In fact, "anything of interest to [the people who form the community]" is an
inherently meaningless rule: as things are posted that "go beyond" the
interests of the community, the site will begin to attract a new audience that
_is_ interested in those things, leading to a community shift or dilution.
Such a setup can make sense in a _closed_ community, but not in an open one.

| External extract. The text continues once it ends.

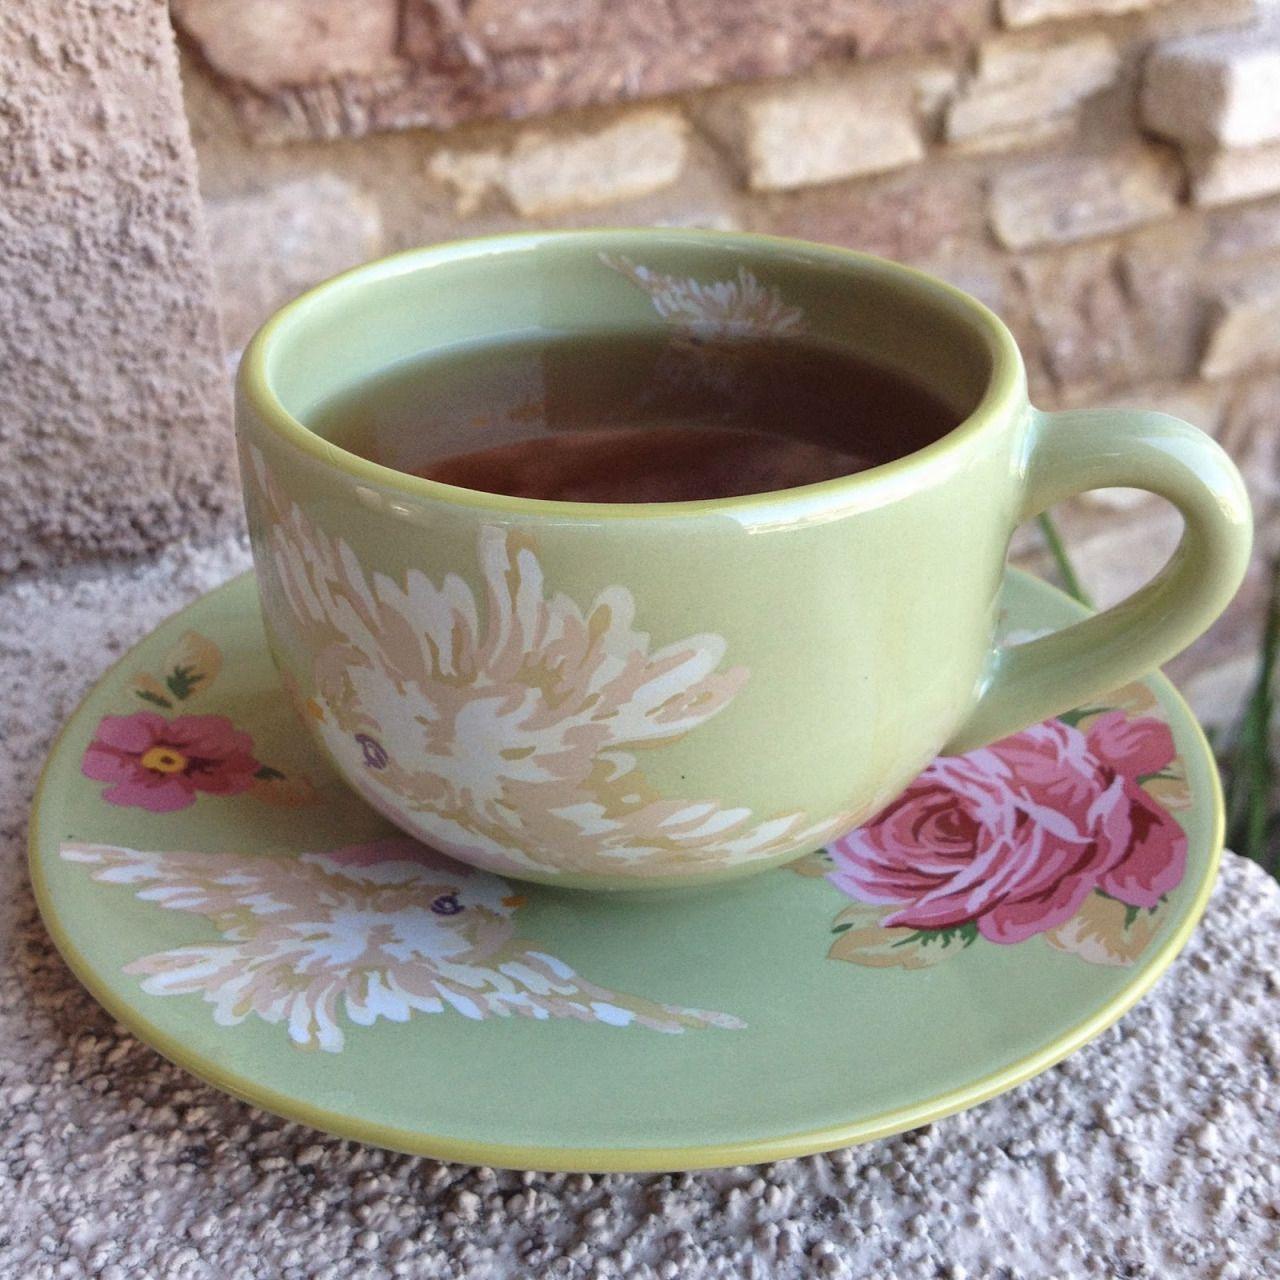 Pin by marilyn on crockery tea tea cups sweet tea

The real spirit at the core of the HN content guidelines, I think, is
something like this: we want posts where reading them _evokes the hacker
mindset in people_. AI? Cryptography? Engineering? Great. "Lean startup"
entrepreneuralist exploration? Sure. Cat photos, gender-studies rants, brand
movements? Not really.

It's actually a rather strict guideline; a large number of things on the front
page at any given moment aren't really "HN material", as can be seen from the
low quality of the discussions they provoke. The guidelines are enforced with
a rather light hand, though. It's hard to convince a person currently in
possession of An Opinion that they'll probably regret the five hours they
wasted in that thread picking apart e.g. the pros and cons of iPhones lacking
headphone jacks. Easy enough to convince them _afterward_ , but very hard at
the time.

(I've always found that the best forums have "benevolent dictators" who are
willing to kill these conversational vortexes and then take the heat for them.
pg _was_ this person at HN's start; but now HN is far more of a standard "just
moderation, no emceeing" forum.)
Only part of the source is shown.